YOUR GOAL »
With pictures left out, return only the lines from the line containing "Bowline Wallpaper •" through the end of the material below, both included.
Segment Start: GIVEN DATA
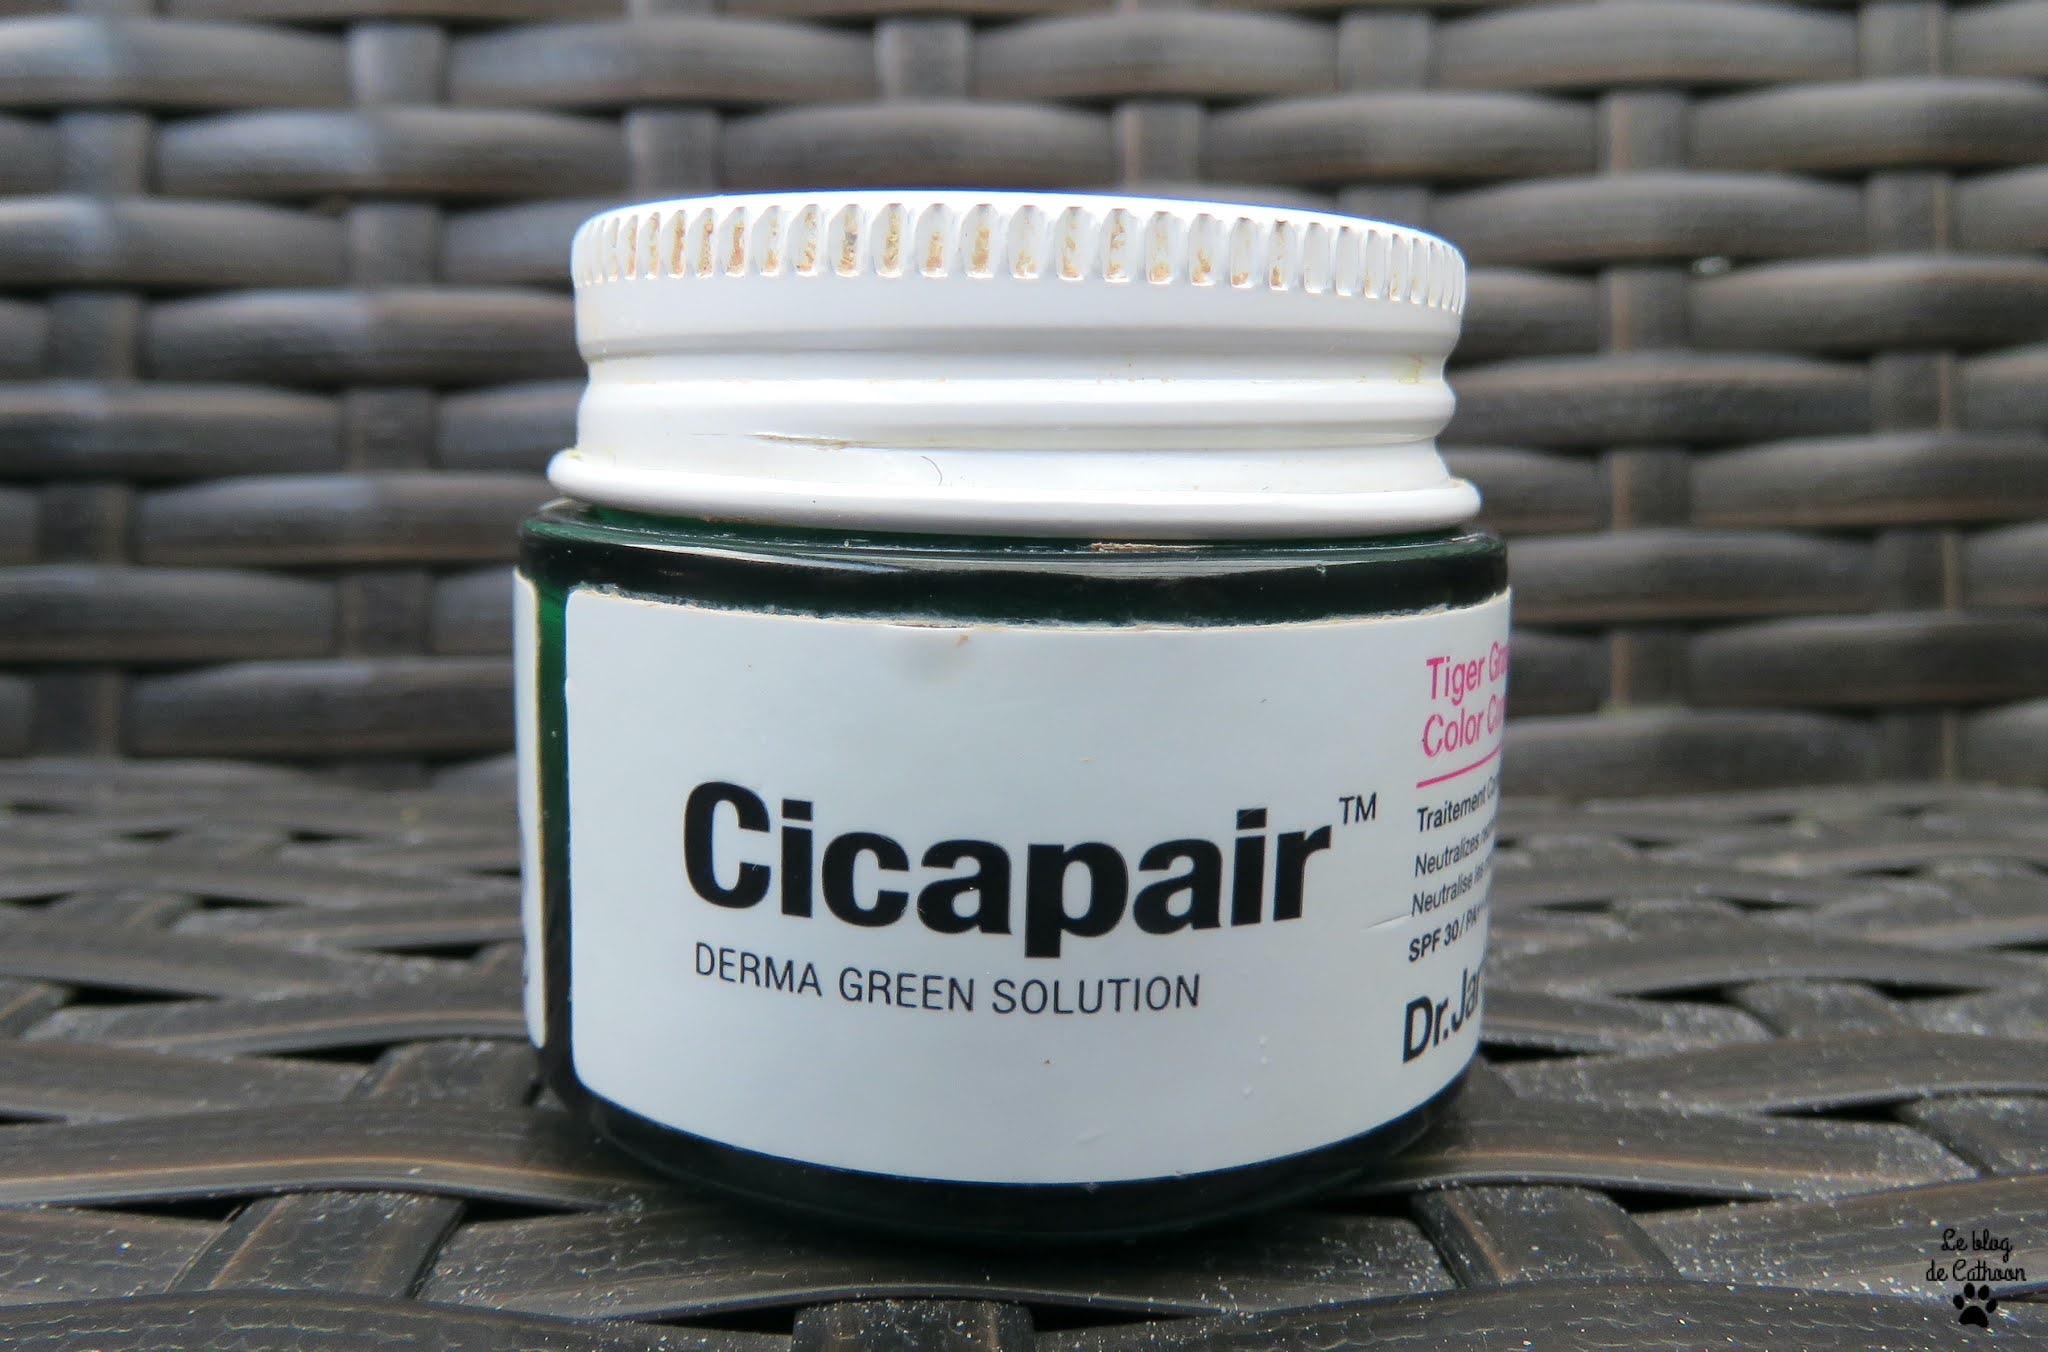 Cicapair - Tiger Grass Color Correcting Treatment - Dr. Jart+
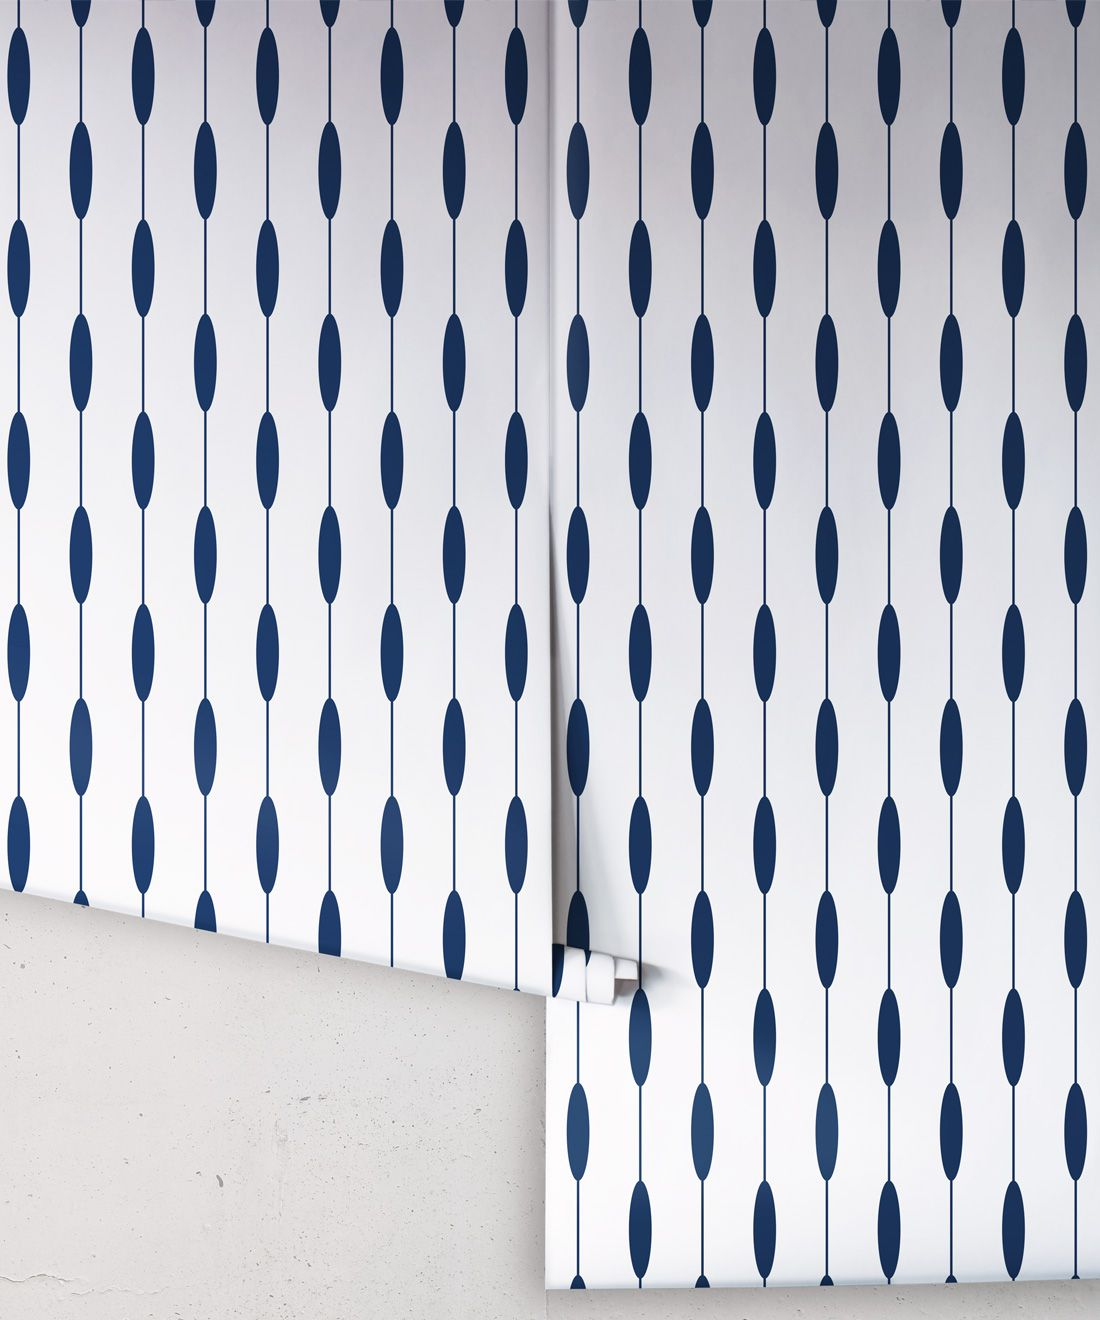 Bowline Wallpaper • Geometric Wallpaper • Striped Wallpaper • Navy Wallpaper •Rolls
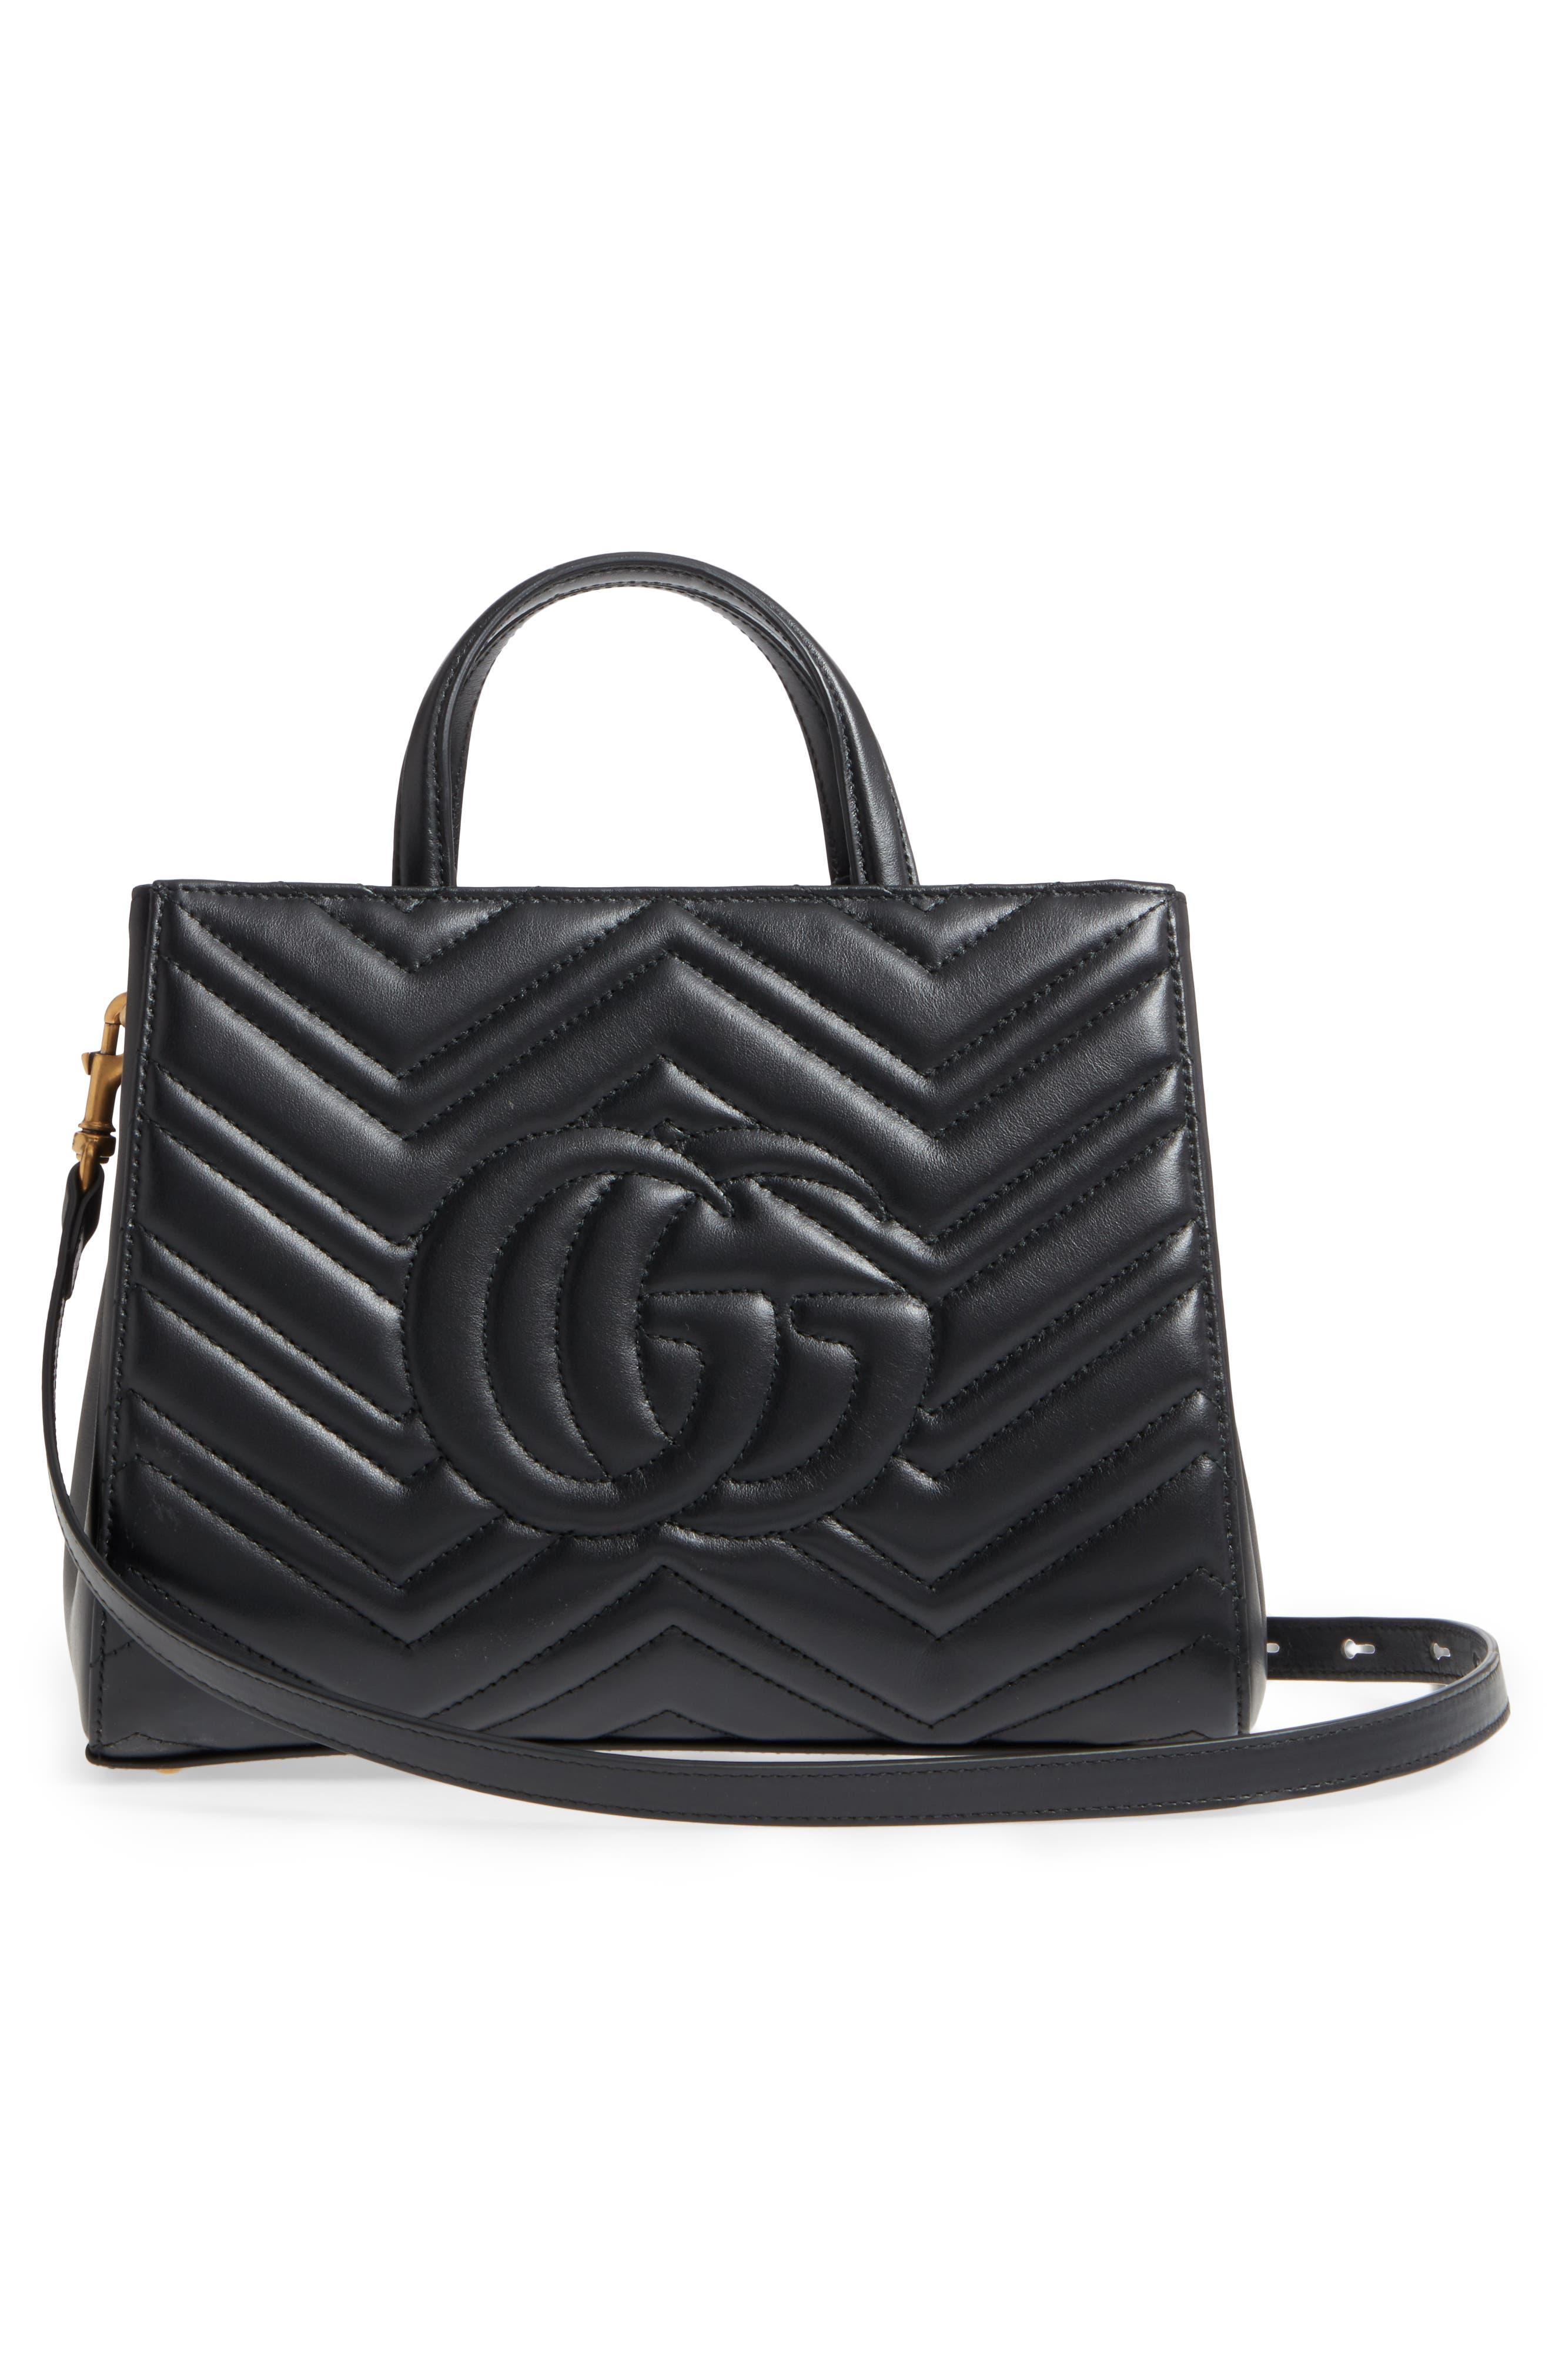 GG Small Marmont 2.0 Matelassé Leather Top Handle Satchel,                             Alternate thumbnail 3, color,                             Nero/ Nero
Segment End: GIVEN DATA
EXERCISE OUTPUT »
 Bowline Wallpaper • Geometric Wallpaper • Striped Wallpaper • Navy Wallpaper •Rolls
 GG Small Marmont 2.0 Matelassé Leather Top Handle Satchel,                             Alternate thumbnail 3, color,                             Nero/ Nero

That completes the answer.